Work to complete:
A faithful copy of the listing below is needed, one that contains no pictures.

------ Supplied data ------

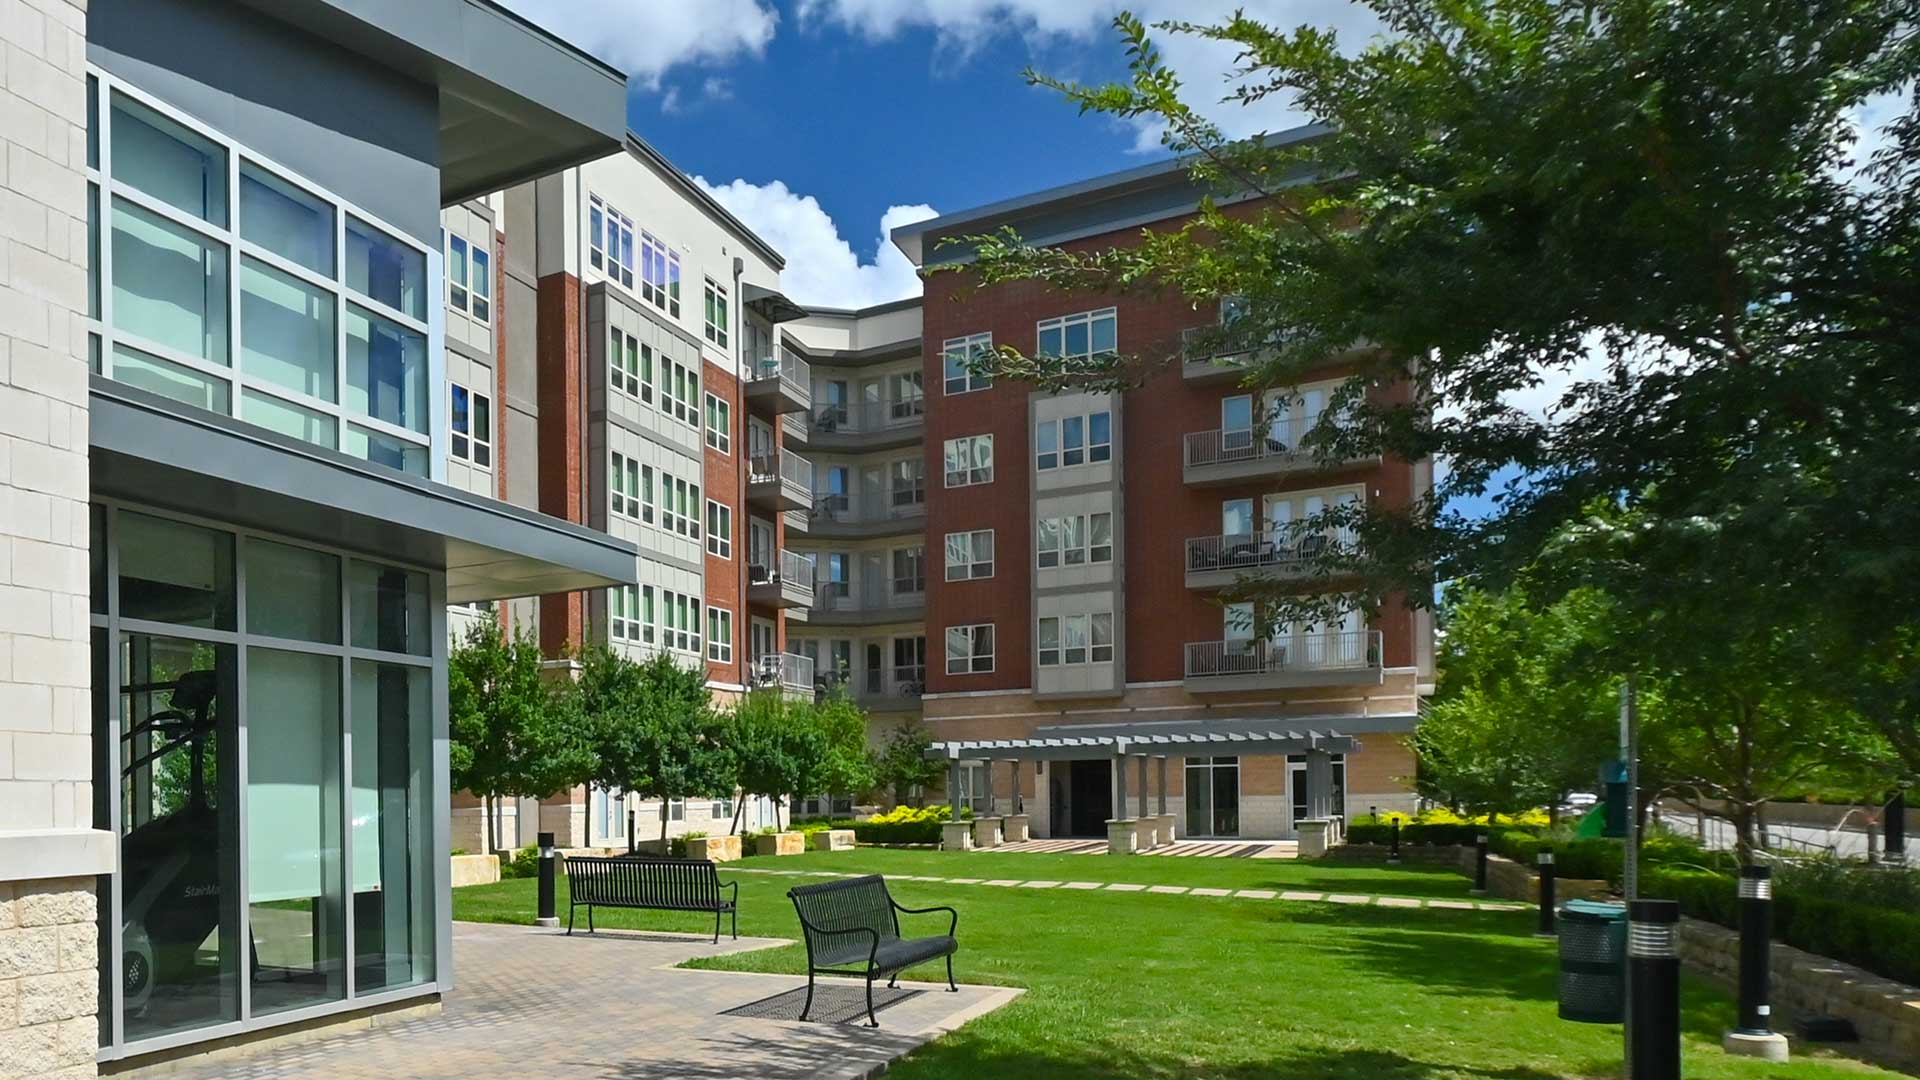 Looking across an open green space with the apartment building along the left and far side. Windows to the fitness center and a set of park benches on are to the left and trees line the right side.
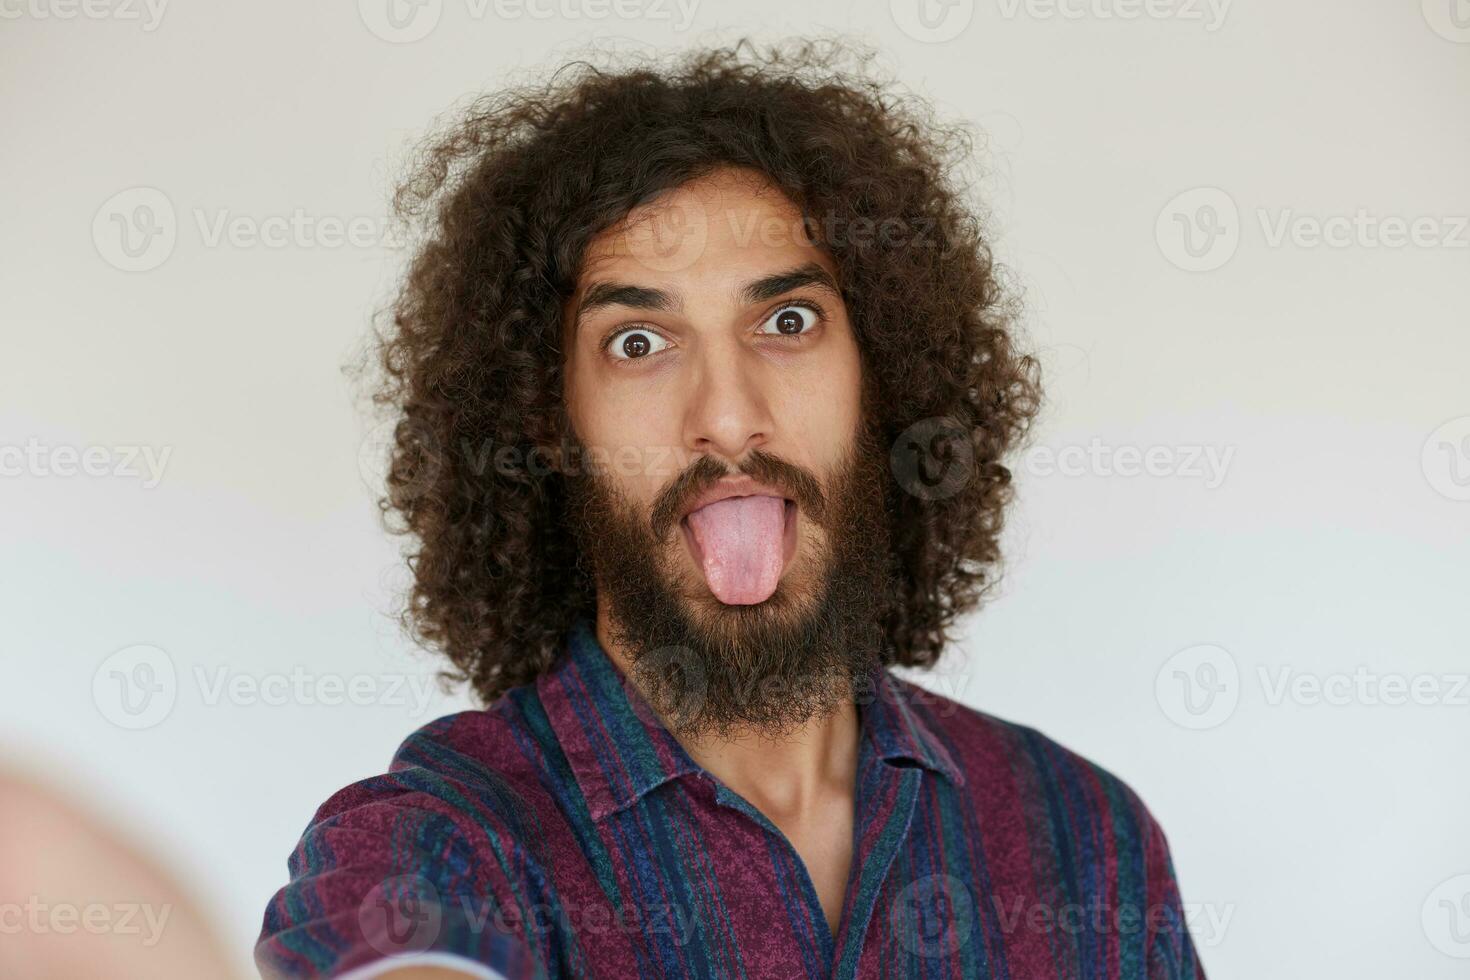 Funny indoor shot of attractive young dark haired curly bearded man fooling and making faces while standing against white background, dressed in striped multi-colored shirt photo
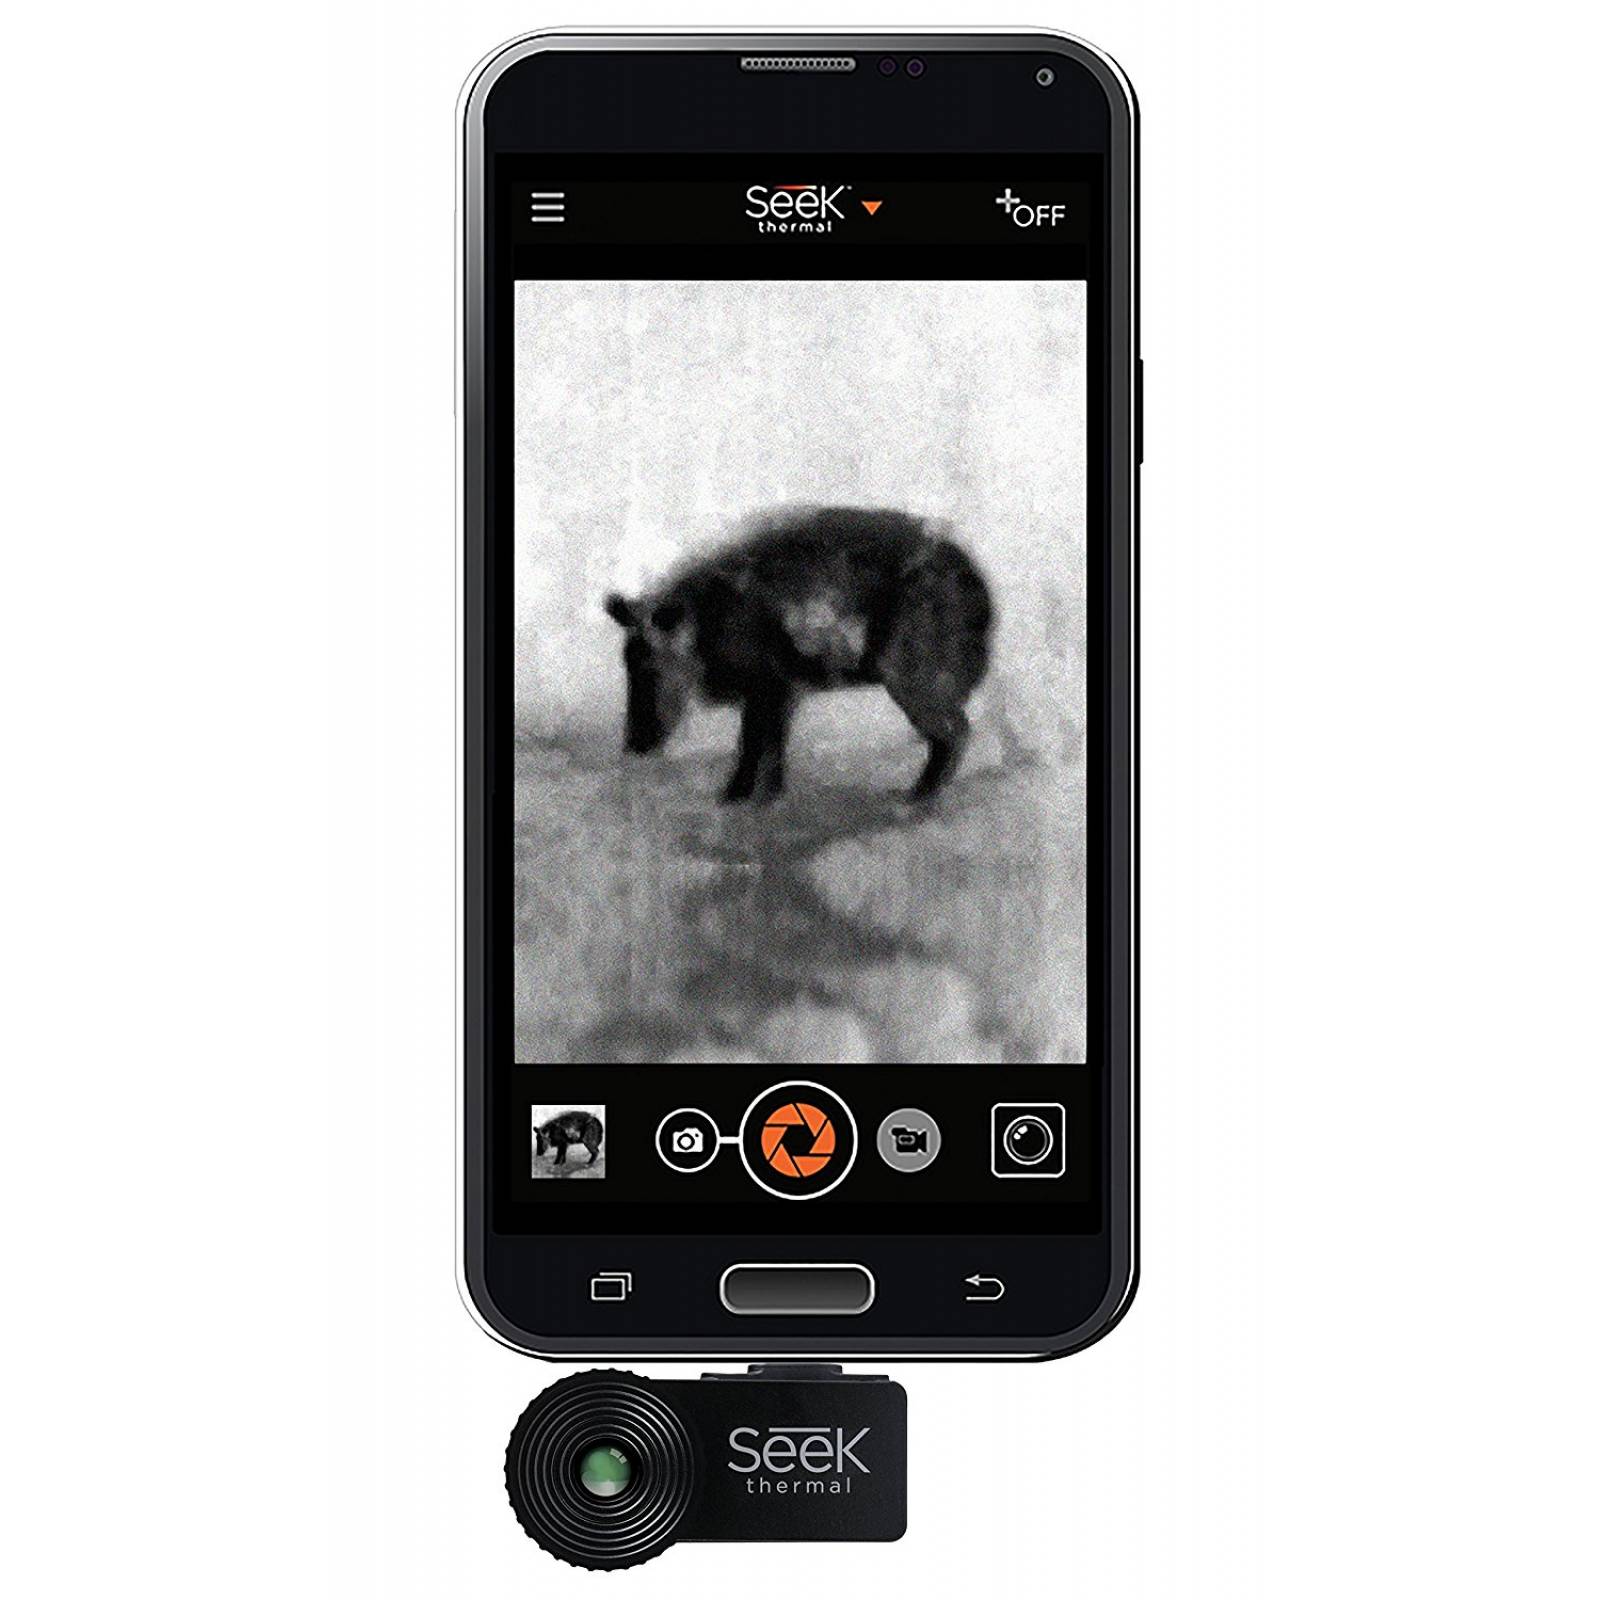 Buscar XR termal Imager Android

------

Response:
 Looking across an open green space with the apartment building along the left and far side. Windows to the fitness center and a set of park benches on are to the left and trees line the right side.
 Funny indoor shot of attractive young dark haired curly bearded man fooling and making faces while standing against white background, dressed in striped multi-colored shirt photo
 Buscar XR termal Imager Android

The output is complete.